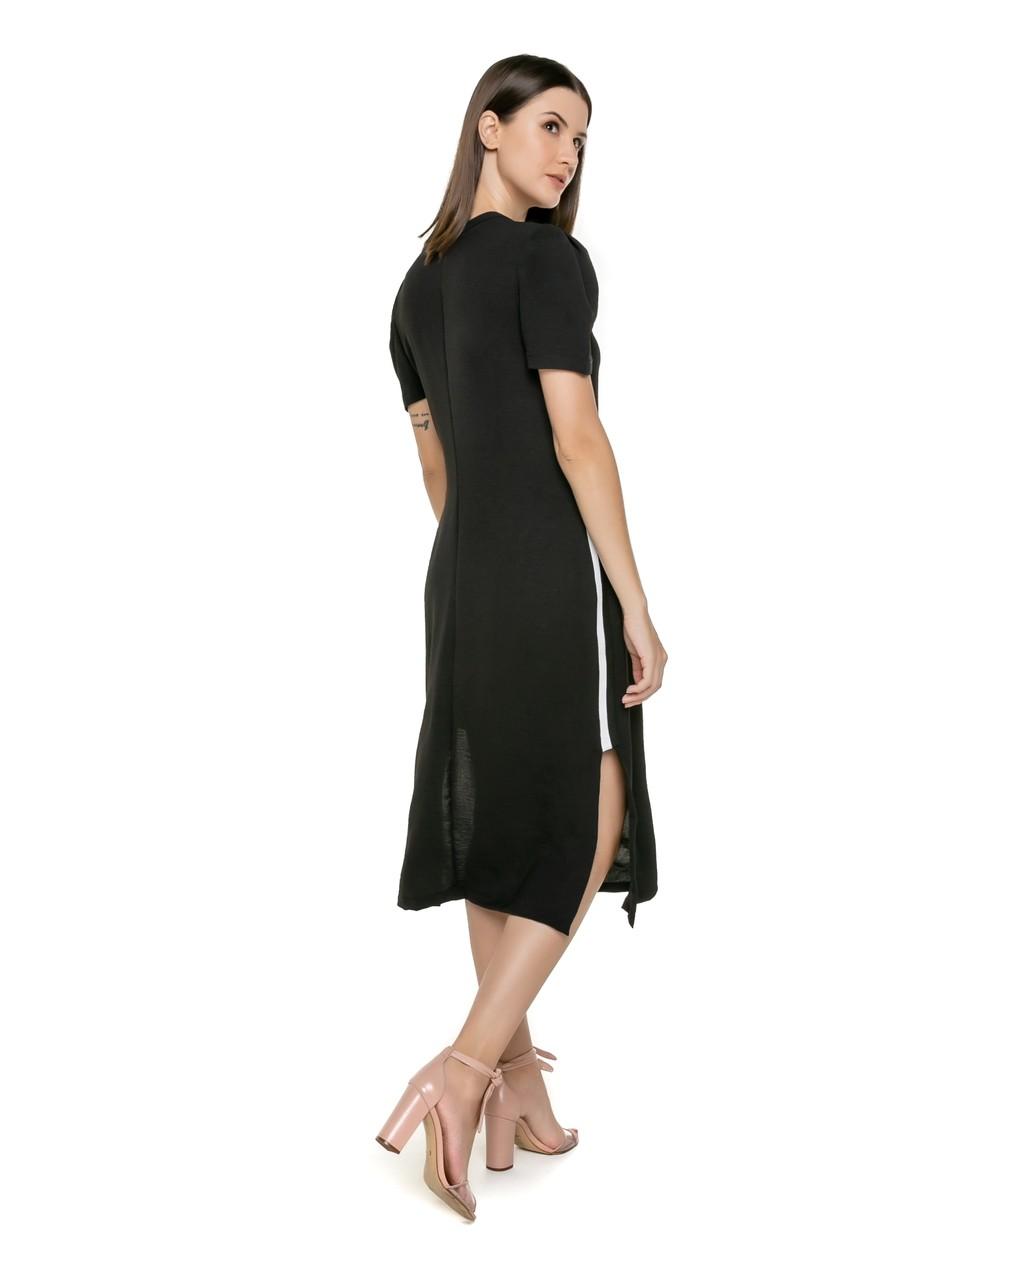 Vestido Midi com Detalhe Listrado
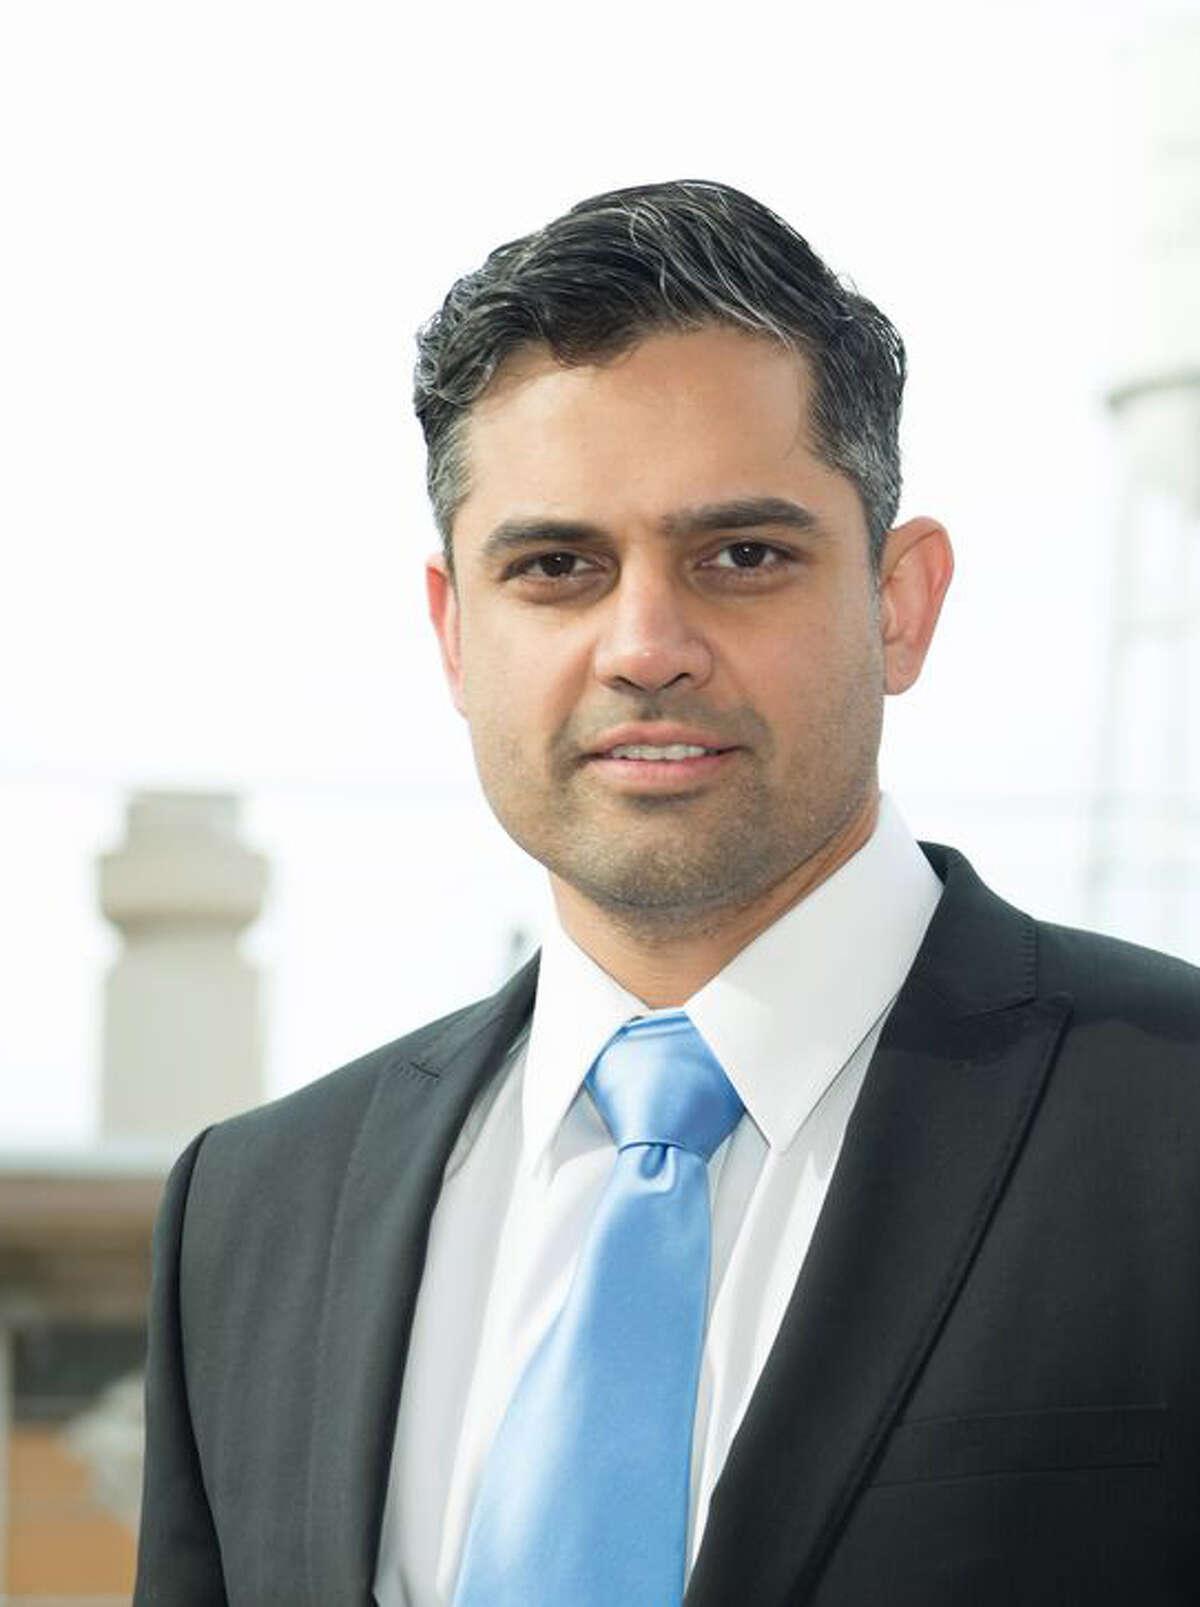 Sri Preston Kulkarni, candidate for U. S. Representative District 22.
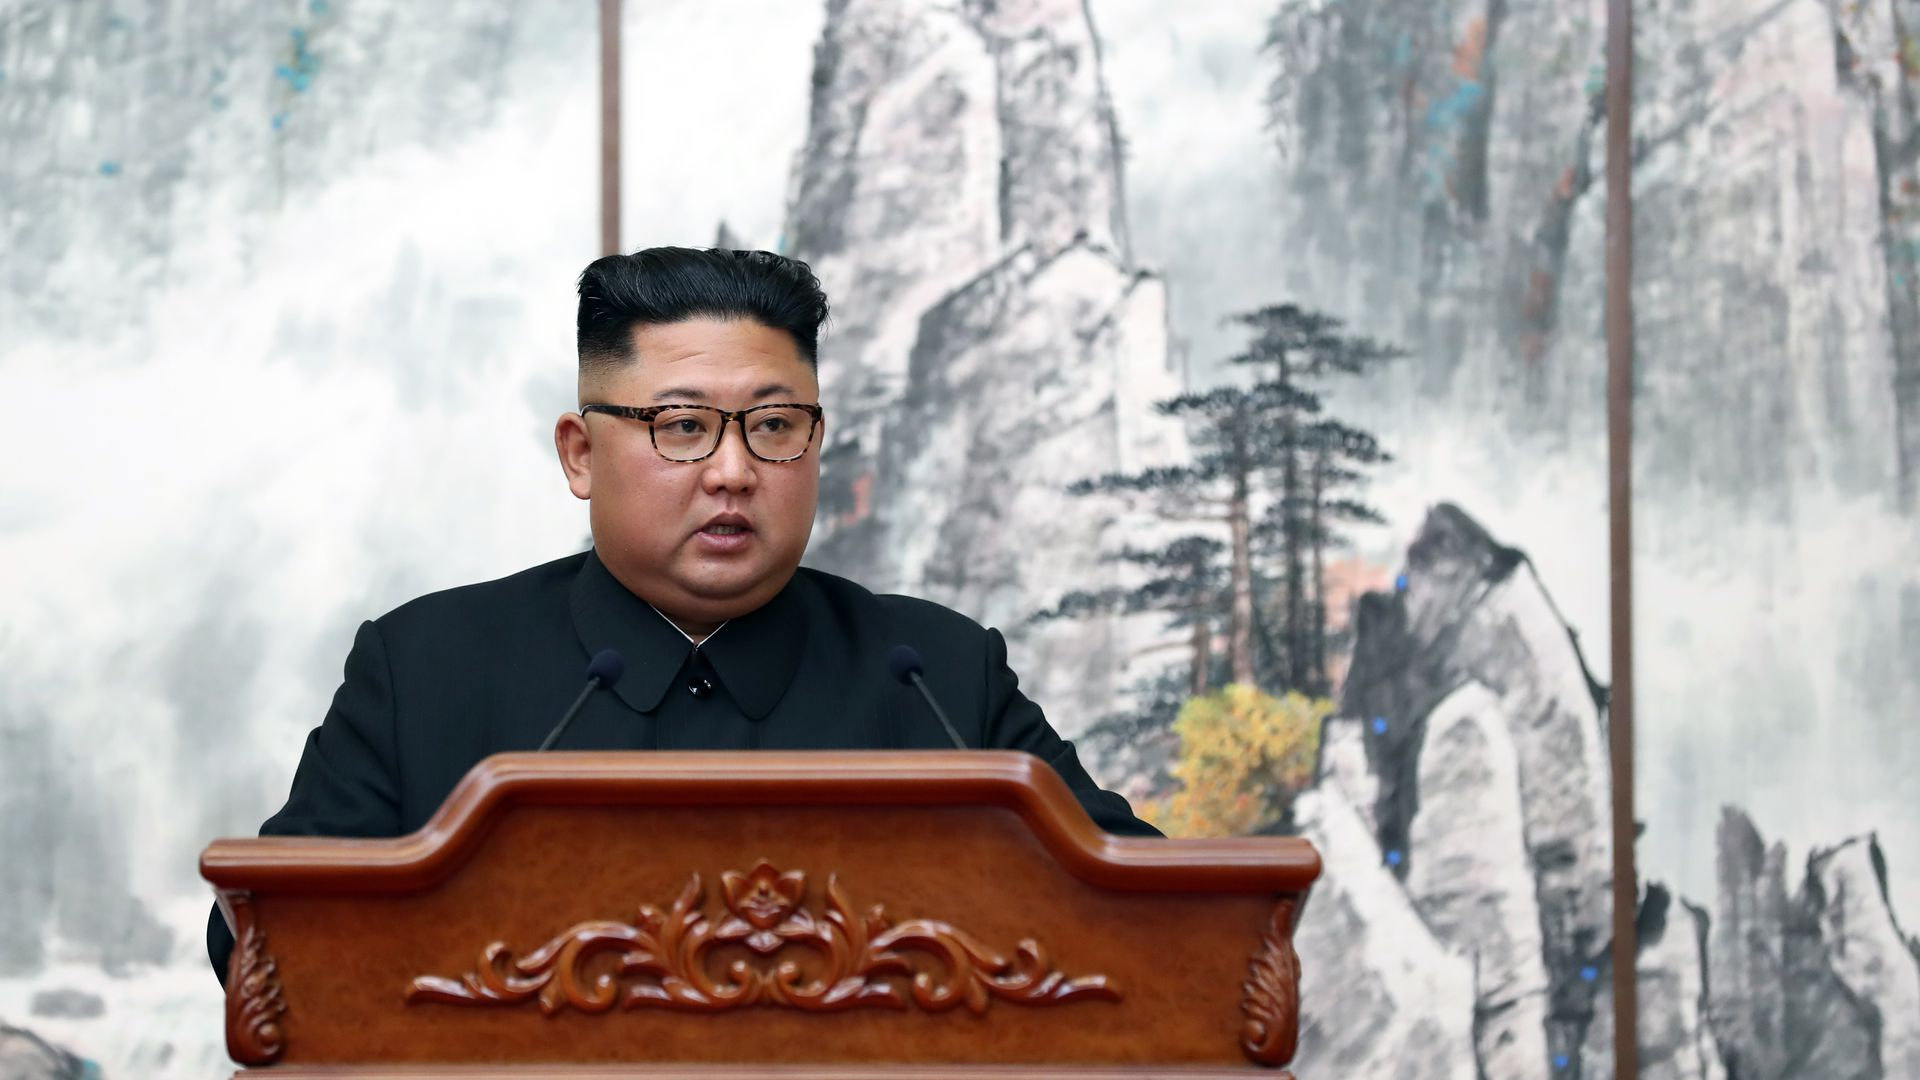 North Korean leader Kim Jong-Un speaking at a podium
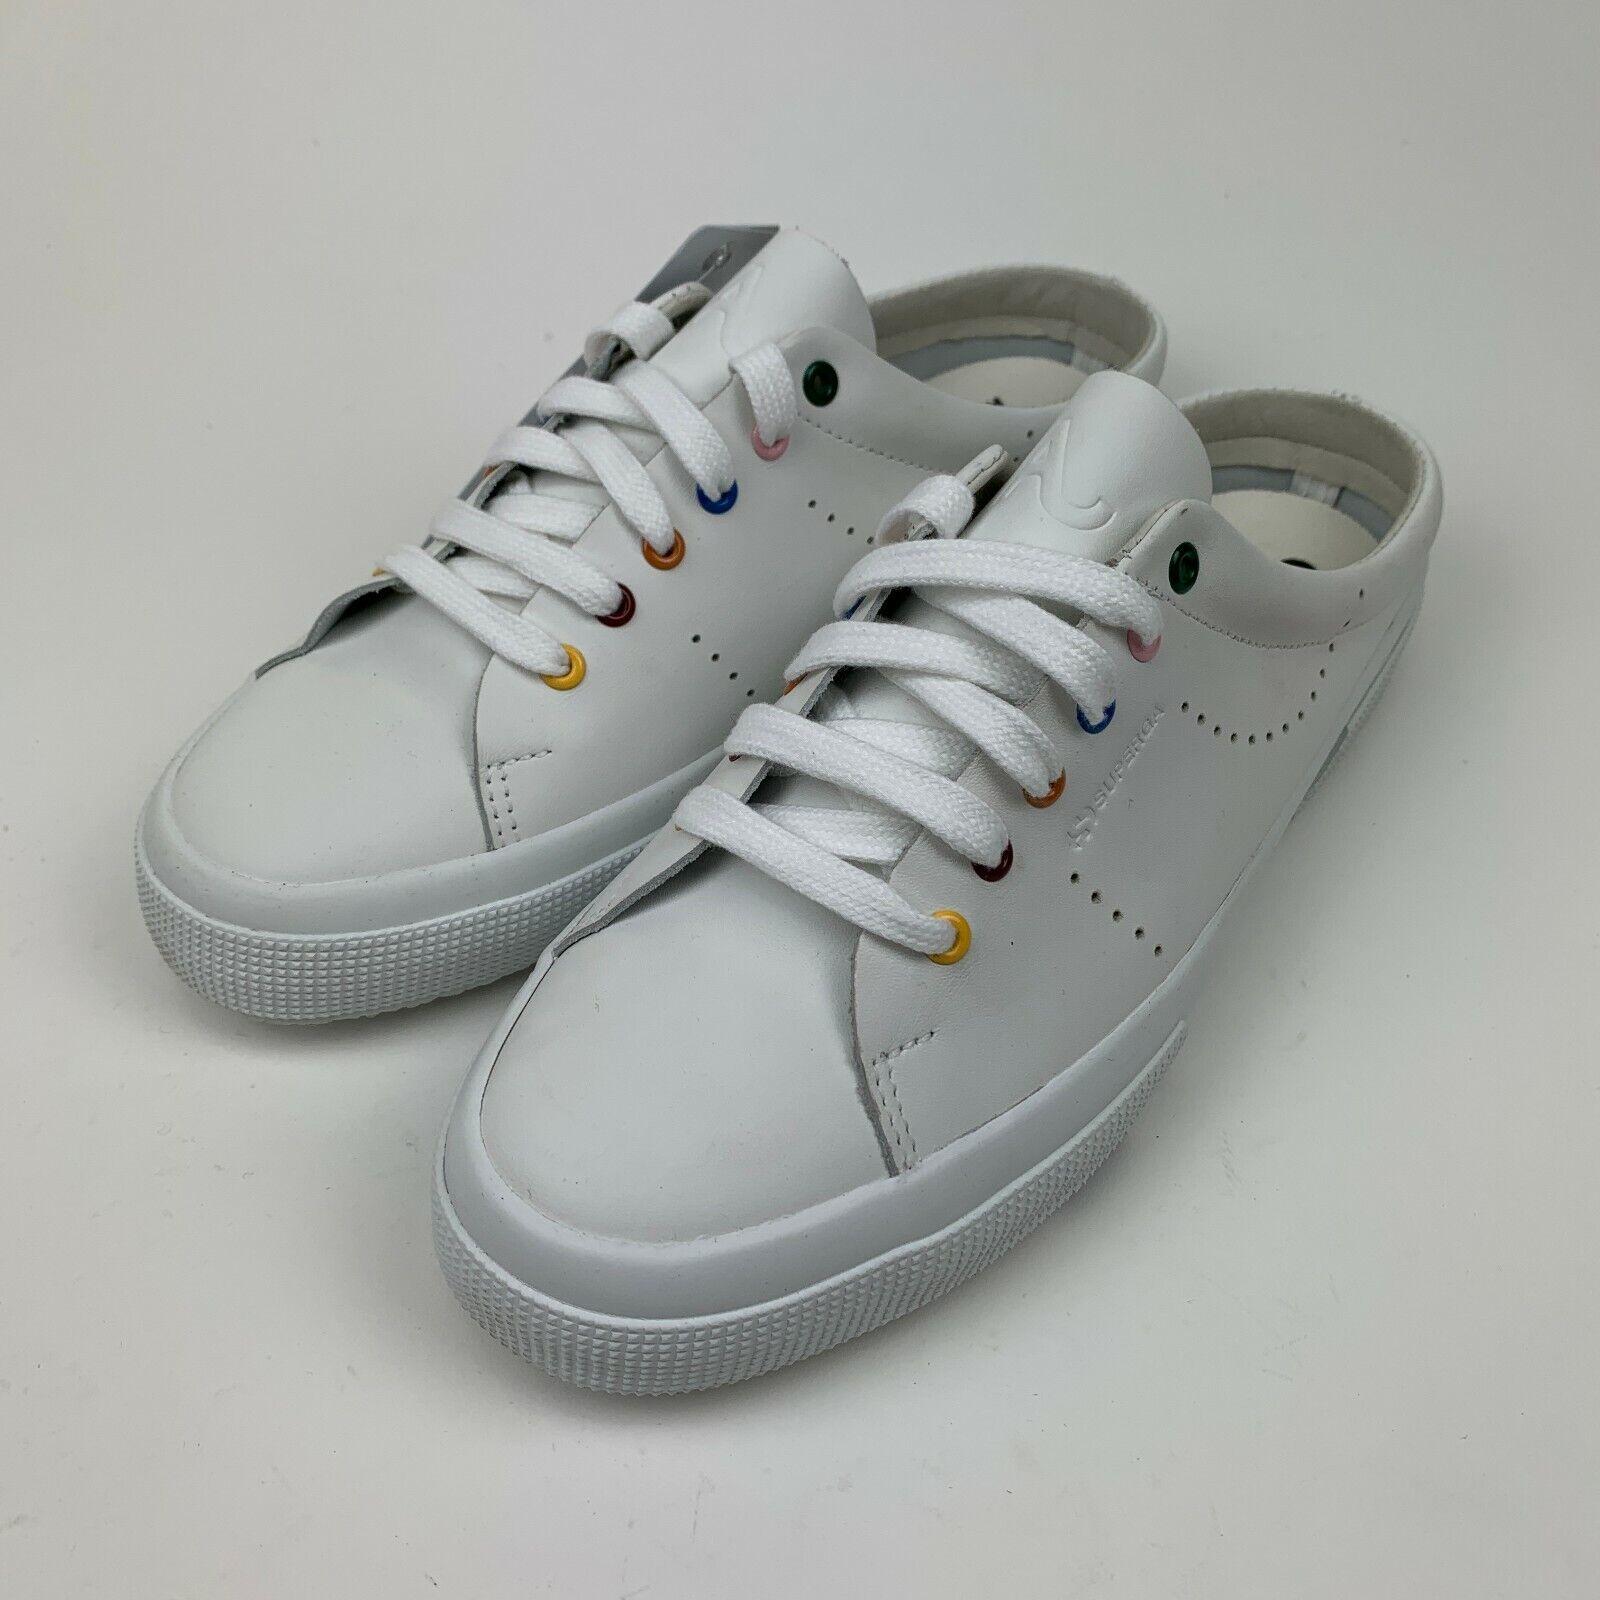 NIB SUPERGA 2402 Alexa Chung Womens White Rainbow Leather Casual Sneaker Shoes

• [PROBLEM DESCRIPTION]: Exact copy, pictures removed: set down the whole listing above.

• [RESULT FOR THIS TASK]:
 Vestido Midi com Detalhe Listrado
 Sri Preston Kulkarni, candidate for U. S. Representative District 22.
 North Korean leader Kim Jong-Un speaking at a podium
 NIB SUPERGA 2402 Alexa Chung Womens White Rainbow Leather Casual Sneaker Shoes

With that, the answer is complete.